Idea was that all variables describing a math object follow the same pattern, a=something*smntng.
So when calculating a variable irl, in the worst case I would be missing "something", then I'd go and calculate that value, and any values I'd be missing when calculating that one, and bring it back to finish calculating the original variable I was looking for. There's a certain recursion pattern noticeable.
When calculating a variable therefore, at each access of a variable I've got to check if it exists, and if it doesn't calculate it. Since it's at each access I have to use __getattribute__.
I also need a functional relationship between the variables. So I'll pin a class attribute relations which will serve just that purpose. It'll be a dict of variables and an appropriate function.
But I've also got to check in advance if I have all the necessary variables to calculate current one. so I'll amend my table, of centralized math relations between variables, to list all dependencies and before I go to calculate anything, I'll run over the listed dependencies and calc those if I need too.
So now it looks more like we'll have a ping pong match of semi-recursion where a function _calc will call __getattribute__ which calls function _calc again. Until such a time we run out of variables or we actually calculate something.
The Good:
There are no ifs
Can initialize with different init variables. As long as the sent variables enable calculations of others.
It's fairly generic and looks like it could work for any other mathematical object describable in a similar manner.
Once calculated all your variables will be remembered.
The Bad:
It's fairly "unpythonic" for whatever that word means to you (explicit is always better).
Not user friendly. Any error message you recieve will be as long as the number of times __getattribute__ and _calc called each other. Also no nice way of formulating a pretty error print.
You've a consistency issue at hand. This can probably be dealt with by overriding setters.
Depending on initial parameters, there is a possibility that you'll have to wait a long time to calculate a certain variable, especially if the requested variable calculation has to fall through several other calculations.
If you need a complex function, you have to make sure it's declared before relations which might make the code ugly (also see last point). I couldn't quite work out how to get them to be instance methods, and not class methods or some other more global functions because I basically overrided the . operator.
Circular functional dependencies are a concern as well. (a needs b which needs e which needs a again and into an infinite loop).
relations are set in a dict type.
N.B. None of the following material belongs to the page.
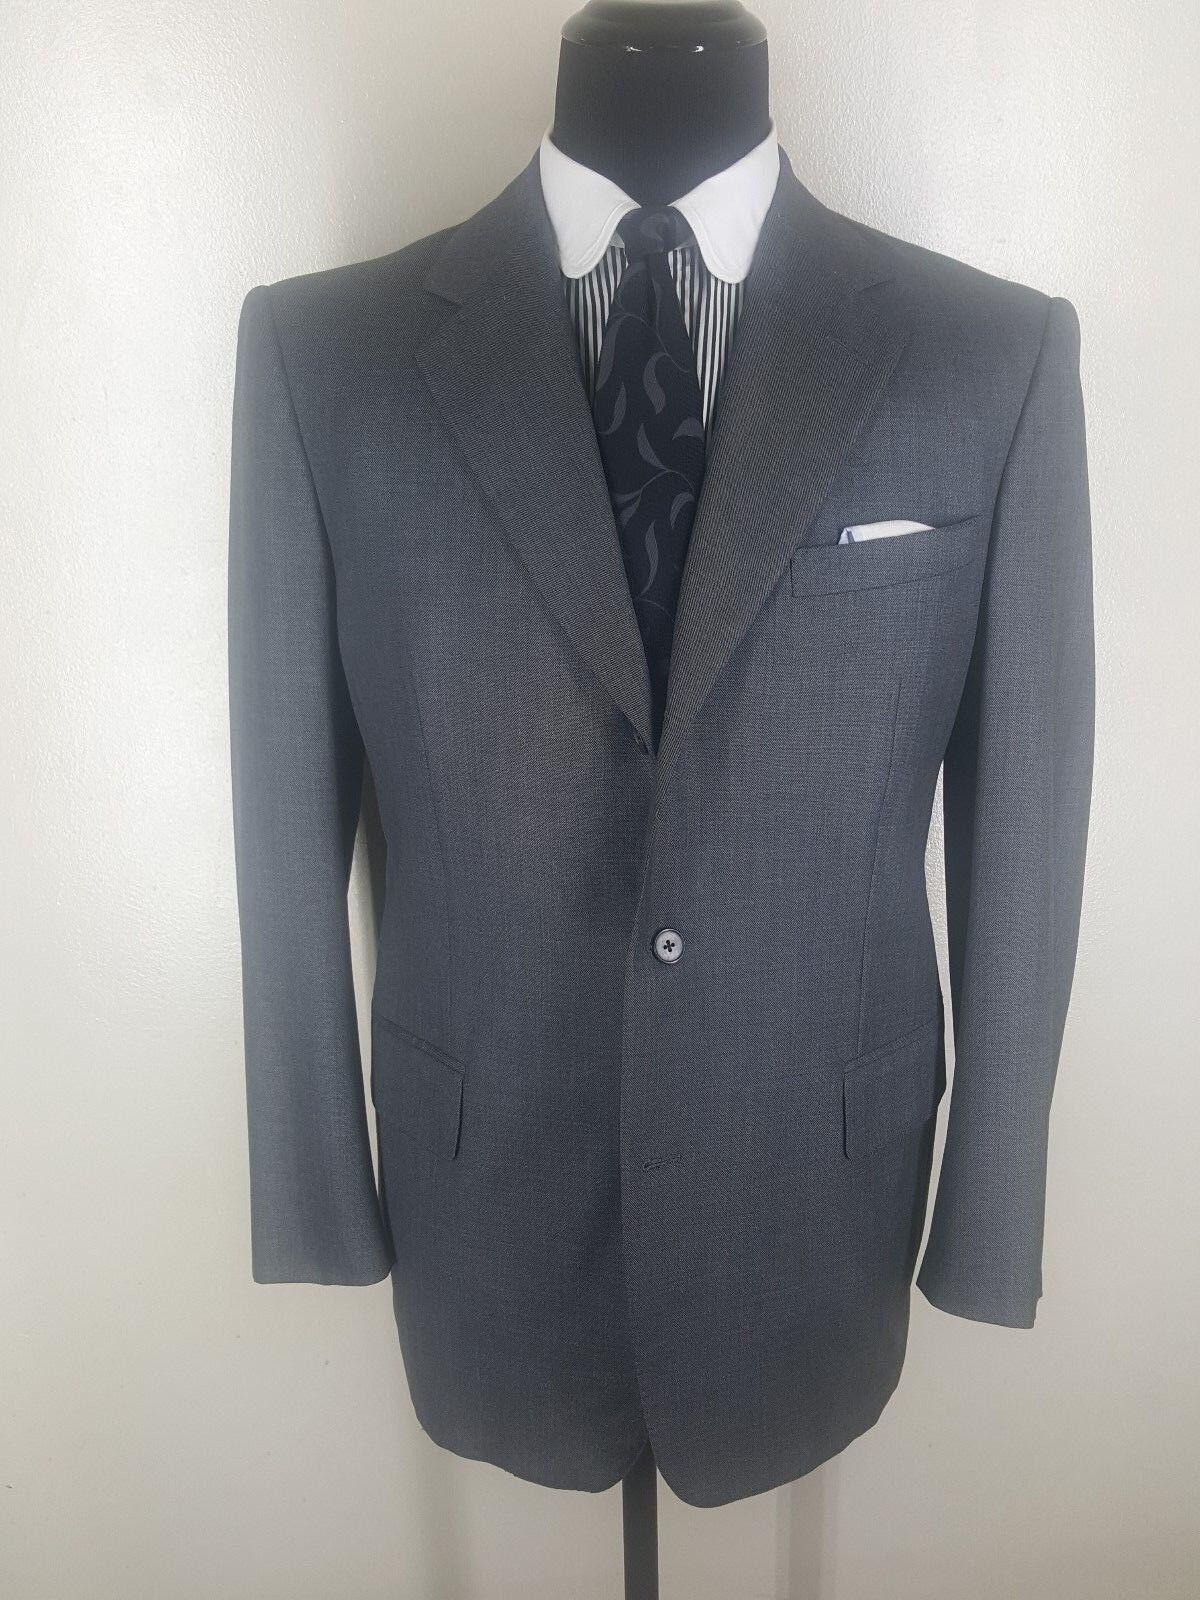 JOHN TUDOR Bespoke grau Suit 3 Btn. No Vents Made in U.S.A.  Fit  42-43 Reg

That means here's only 1 functional dependency you can have per variable name, which isn't necessarily true in mathematical terms.
It's already ugly: value = self.relations[var]["func"]( *[self.__getattribute__(x) for x in requirements["req"]] )
Also that's the line in _calc that calls __getattribute__ which either calls _calc again, or if the variable exists returns the value. Also at each __init__ you have to set all your attributes to None, because otherwise a _getattr will be called.
def cmplx_func_A(e, C):
return 10*C*e
class Elipse():
def __init__(self, a=None, b=None, **kwargs):
self.relations = {
"e": {"req":["a", "b"], "func": lambda a,b: a+b},
"C": {"req":["e", "a"], "func": lambda e,a: e*1/(a*b)},
"A": {"req":["C", "e"], "func": lambda e,C: cmplx_func_A(e, C)},
"a": {"req":["e", "b"], "func": lambda e,b: e/b},
"b": {"req":["e", "a"], "func": lambda e,a: e/a}
}
self.a = a
self.b = b
self.e = None
self.C = None
self.A = None
if kwargs:
for key in kwargs:
setattr(self, key, kwargs[key])
def __getattribute__(self, attr):
val = super(Elipse, self).__getattribute__(attr)
if val: return val
return self._calc(attr)
def _calc(self, var):
requirements = self.relations[var]
value = self.relations[var]["func"](
*[self.__getattribute__(x) for x in requirements["req"]]
)
setattr(self, var, value)
return value
Oputput:
>>> a = Elipse(1,1)
>>> a.A #cal to calculate this will fall through
#and calculate every variable A depends on (C and e)
20
>>> a.C #C is not calculated this time.
1
>>> a = Elipse(1,1, e=3)
>>> a.e #without a __setattribute__ checking the validity, there is no
3 #insurance that this makes sense.
>>> a.A #calculates this and a.C, but doesn't recalc a.e
30
>>> a.e
3
>>> a = Elipse(b=1, e=2) #init can be anything that makes sense
>>> a.a #as it's defined by relations dict.
2.0
>>> a = Elipse(a=2, e=2)
>>> a.b
1.0
There is one more issue here, related to the next to last point in "the bad". I.e. let's imagine that we can can define an elipse with C and A. Because we can relate each variable with others over only 1 functional dependency, if you defined your variables a and b over e and a|b like I have, you won't be able to calculate them. There will always be at least some miniature subset of variables you will have to send. This can be alleviated by making sure you define as much of your variables over as little other variables you can but can't be avoided.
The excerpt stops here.